军帽
■李 丽
夜色漫过窗沿,工作终于告一段落,我揉着发胀的太阳穴收拾桌面。手机屏幕亮起来,是丈夫打来的视频电话。接通的瞬间,映入眼帘的是儿子攥在手里、顶在下巴上的那顶玩具迷彩军帽。

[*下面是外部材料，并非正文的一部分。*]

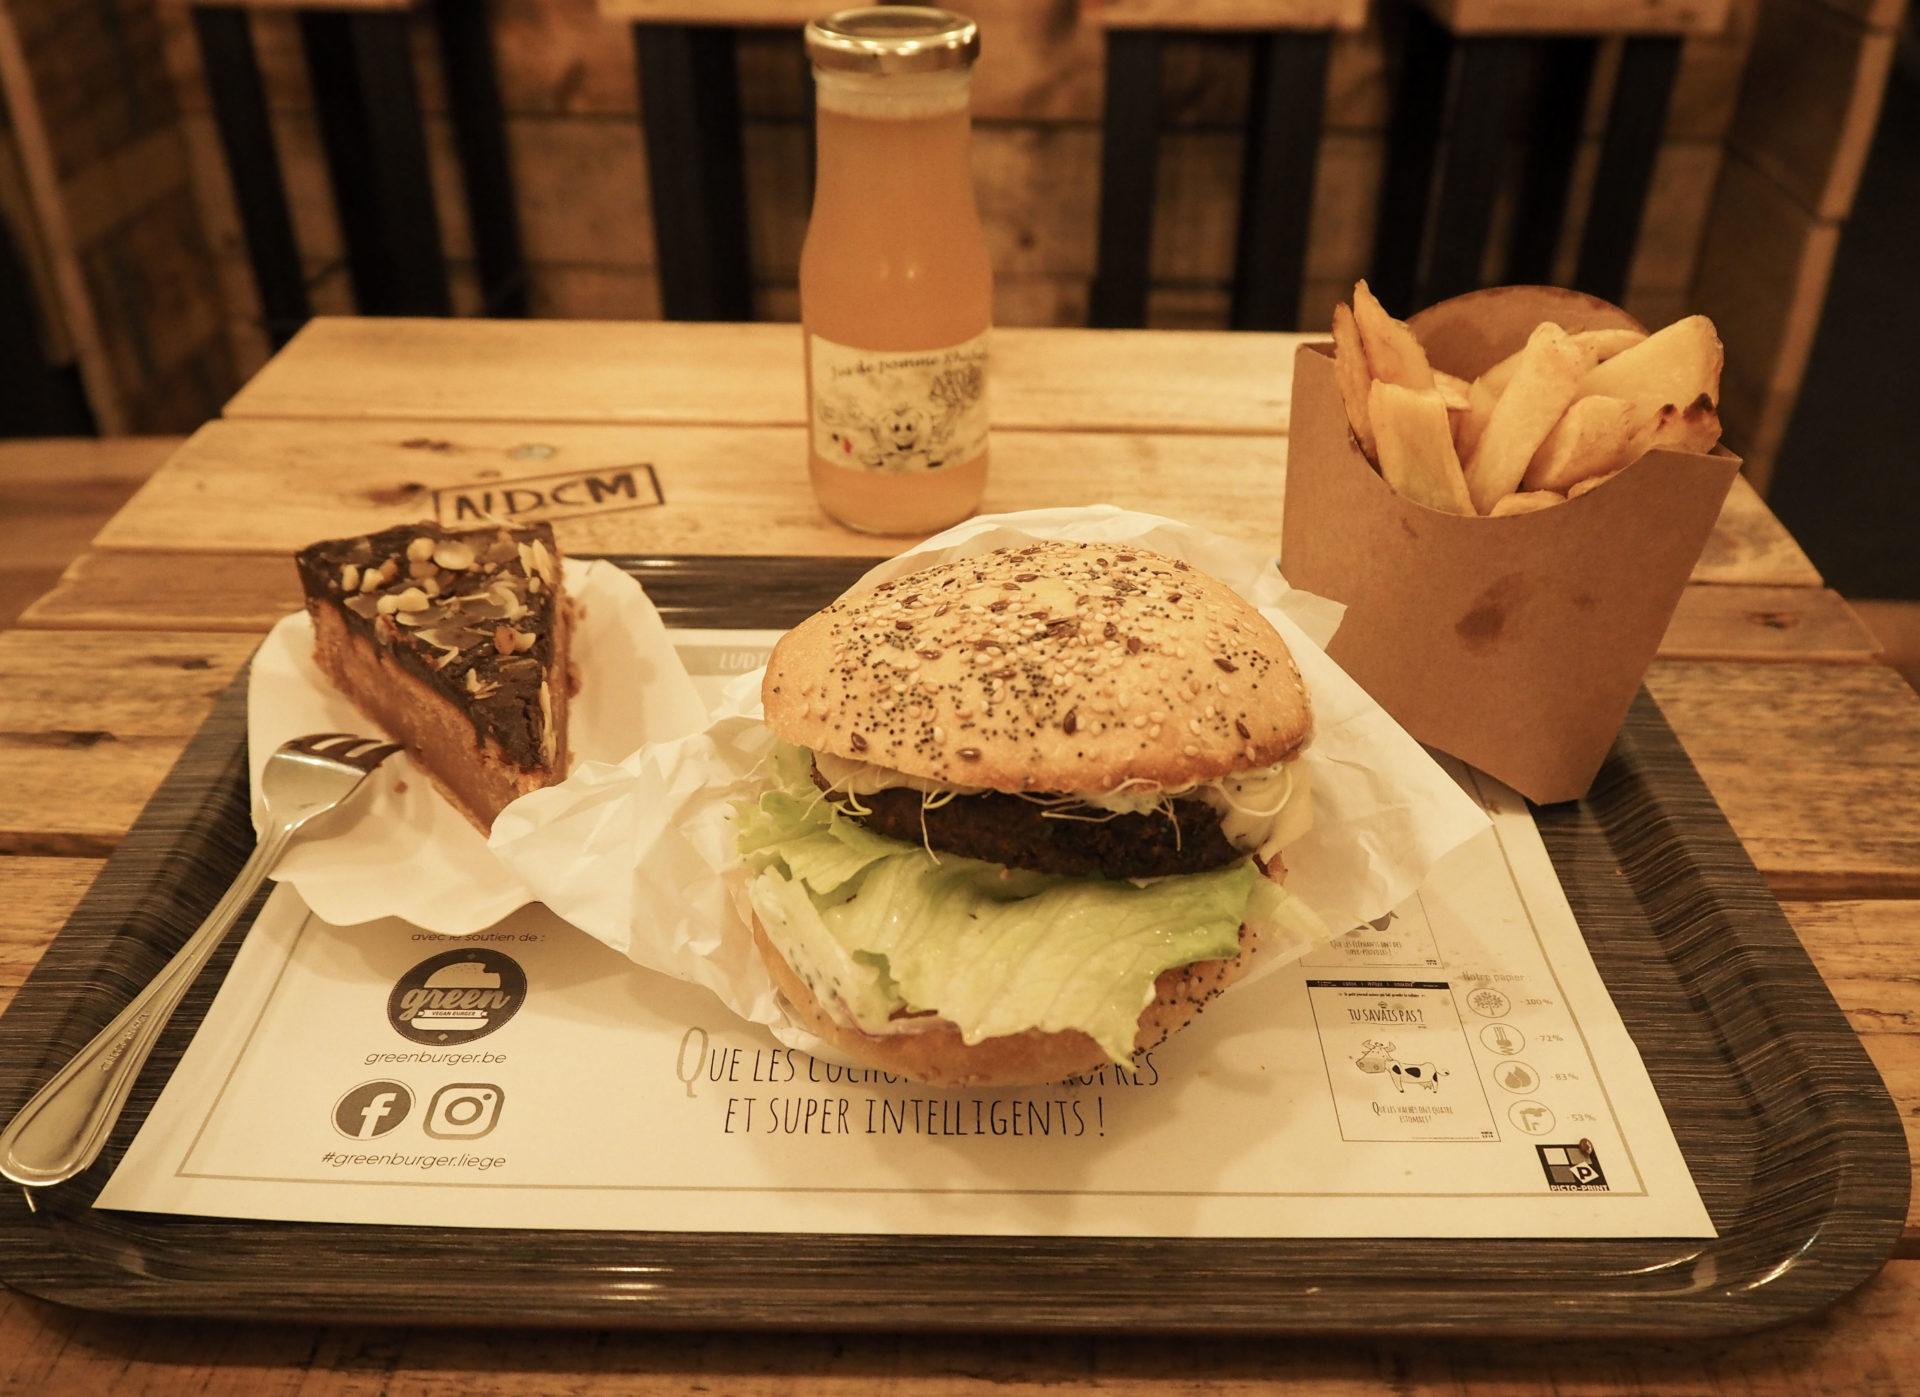 Green Burgers à Liège - Visiter Liège en Belgique en mode slow - Que faire et que visiter à Liège? - Adresses slow et gourmandes à Liège - Informations pratiques pour visiter Liège et en tomber amoureuse en quelques instants!

儿子今年5岁,往常一回到家就会叽叽喳喳地说着幼儿园的事。这时他却蔫蔫的,指尖反复抠着玩具军帽的塑料帽徽。丈夫在旁轻声提醒:“跟妈妈说呀。”他才抬起眼,声音带着哭腔:“妈妈,今天班上一个小朋友带了他爸爸的真帽子,我的是假的。”
丈夫在旁补充,当天幼儿园举办“我的爸爸妈妈”职业分享,有个小朋友带了父亲的警帽去,全班都围着看。儿子攥着自己的玩具迷彩军帽坐了一下午,回家就一直闷闷不乐。
我心里“咯噔”一下。
我在武警某支队服役,加班是家常便饭,遇上重大任务连轴转十几天也是常事。回家前,我一般会换上便装。那些常服、作训服,全都规规整整收在营区储物柜里,连配套的军帽也从没带回家过。可以说,儿子对我“军人”身份的全部印象,大概只有家中相框里那几张授衔、领奖的正装照,还有去年逛文创店时,我给他买的这顶巴掌大的玩具迷彩军帽。
他一直把这顶小帽子当宝贝,在家总戴着跑来跑去,说自己也是“小军人”。我从前只当是小孩子玩闹,从没往深处想。
“妈妈的军帽都放在单位呀,”我尽量放软声音,“工作的时候才戴。”
“那你为什么不带回家?”他立刻反问,小嘴抿得紧紧的,“我想戴真的,想跟妈妈戴一样的帽子。”
挂断电话,我拉开储物柜的门。笔挺的常服旁,卷檐帽端正地摆在隔板上。我忽然明白,对儿子来说,这顶帽子是他在照片里见过的妈妈的“另一面”,是他小小的心中大大的骄傲。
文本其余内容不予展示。